Any ideas on removing pine sap from a metal roof? Steam/ hot water wash is the only thing iI can think of that might work, but I kinda doubt it.
Anyone tried this?


----------



## Lazerline (Mar 26, 2012)

I would recommend Using a heat gun, when it gets liquidy wipe it up. then use turpentine for the remaining residue:thumbsup:


----------



## RH (Sep 7, 2010)

I use just plain rubbing alcohol to get it off my hands (our place is surrounded by fir trees). Should work pretty well for this too.


----------



## Lazerline (Mar 26, 2012)

RH said:


> I use just plain rubbing alcohol to get it off my hands (our place is surrounded by fir trees). Should work pretty well for this too.


The only catch to that is with a big glop of sap you would be wiping for days. the heat gun melts most of it down. I've always used turpentine but your right I think alcohol would get the residue pretty good too.


----------



## Tonyg (Dec 9, 2007)

I've used Naptha


----------



## Ace Painting (Jan 11, 2011)

I have cleaned it off aluminum siding with hot water before.


----------



## dan-o (Sep 28, 2008)

Simple Green


----------



## Stonehampaintdept (Jan 10, 2013)

joshmays1976 said:


> Any ideas on removing pine sap from a metal roof? Steam/ hot water wash is the only thing iI can think of that might work, but I kinda doubt it.
> Anyone tried this?


Having lived under pine trees for 30 years. Getting it all over cars I can say its a herculean effort cleaning it. But I was careful not to use harsh chemicals. Those bug & sap removers don't work. The saps outer layer dries over and is waterproof pretty much overnight. On metal roof or siding you can probably go at it with MEK, lacquer thinner, toluene, naphtha and have an easier time. A lot of these evaporate fast so use a soaked rag and a putty knife.


----------



## ligboozer (Oct 13, 2009)

Back in the day, after a long day of wood cutting, we'd get it off our hands with a small amount of Crisco. 
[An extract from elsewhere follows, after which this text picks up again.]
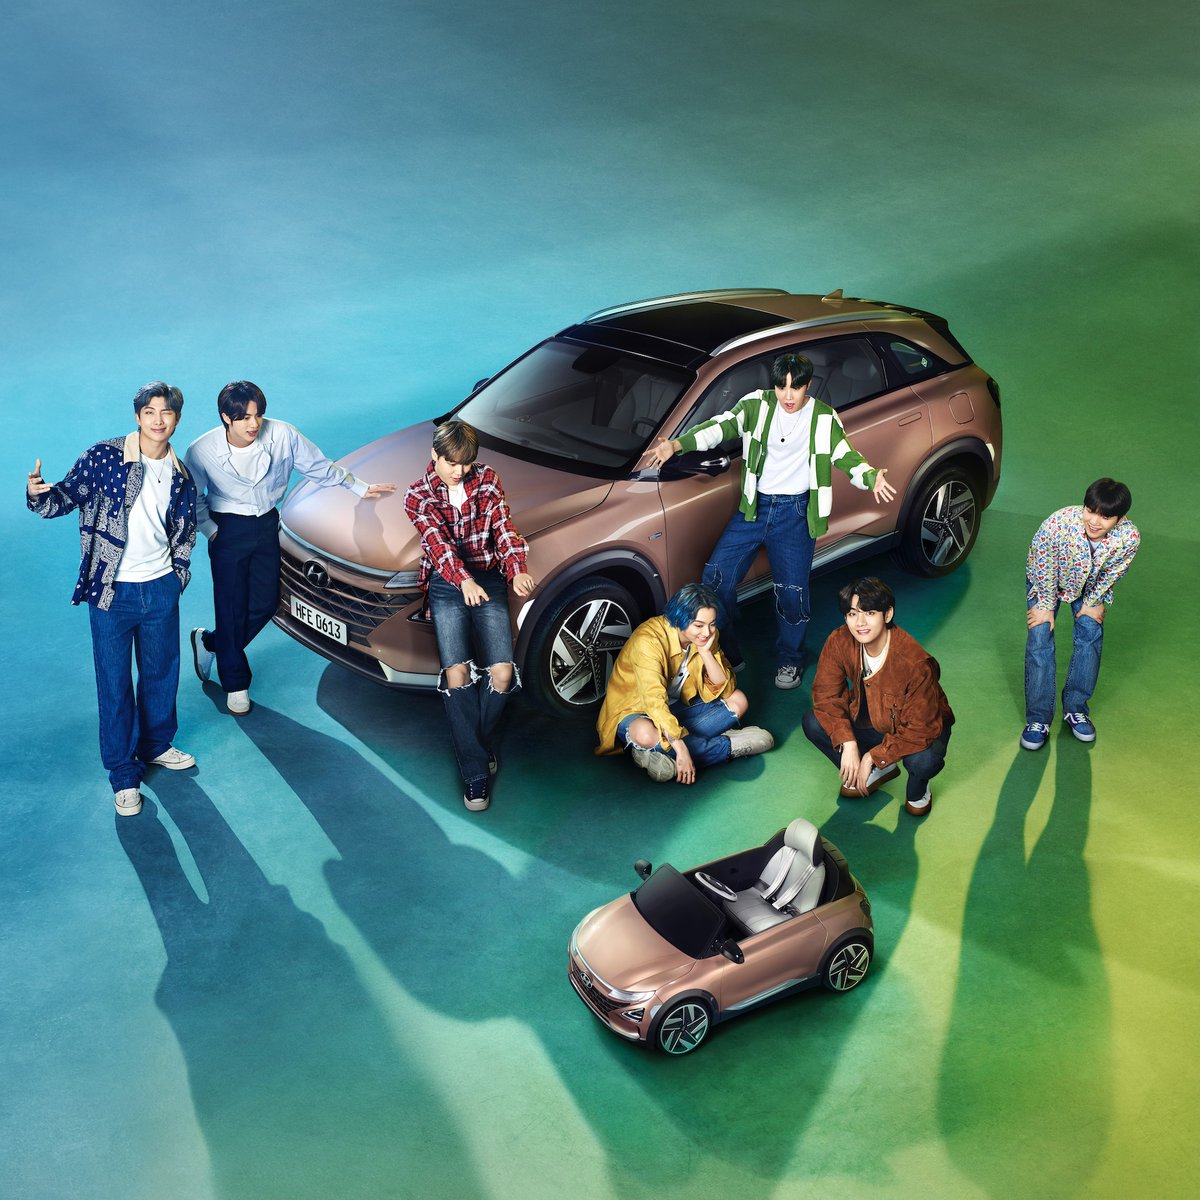 So cute! What happens when @bts_bighit meet the Kids' NEXO? Stay tuned and find out very soon!
#Hyundai #NEXO #KidsNEXO #SustainableLiving

Although walking up to the customers house with a jug of Crisco under your arm might raise some eyebrows.


----------



## Paradigmzz (May 5, 2010)

joshmays1976 said:


> Any ideas on removing pine sap from a metal roof? Steam/ hot water wash is the only thing iI can think of that might work, but I kinda doubt it.
> Anyone tried this?


Hotsy.


----------



## Joeb3rg (Feb 13, 2013)

Goo gone! Or Turtle wax bug & tar remover works well.


----------



## Jmayspaint (Mar 26, 2013)

Paradigmzz said:


> Hotsy.


I was wondering if that might work, think I will try it


----------



## gabe (Apr 20, 2012)

http://www.tognar.com/ski-base-cleaner-citric-only-or-naptha-blend-must-ship-fedex-ground/

This might work, pine tar has been used as a kick wax for wood skis, so the remover should also remove it from the roof.


----------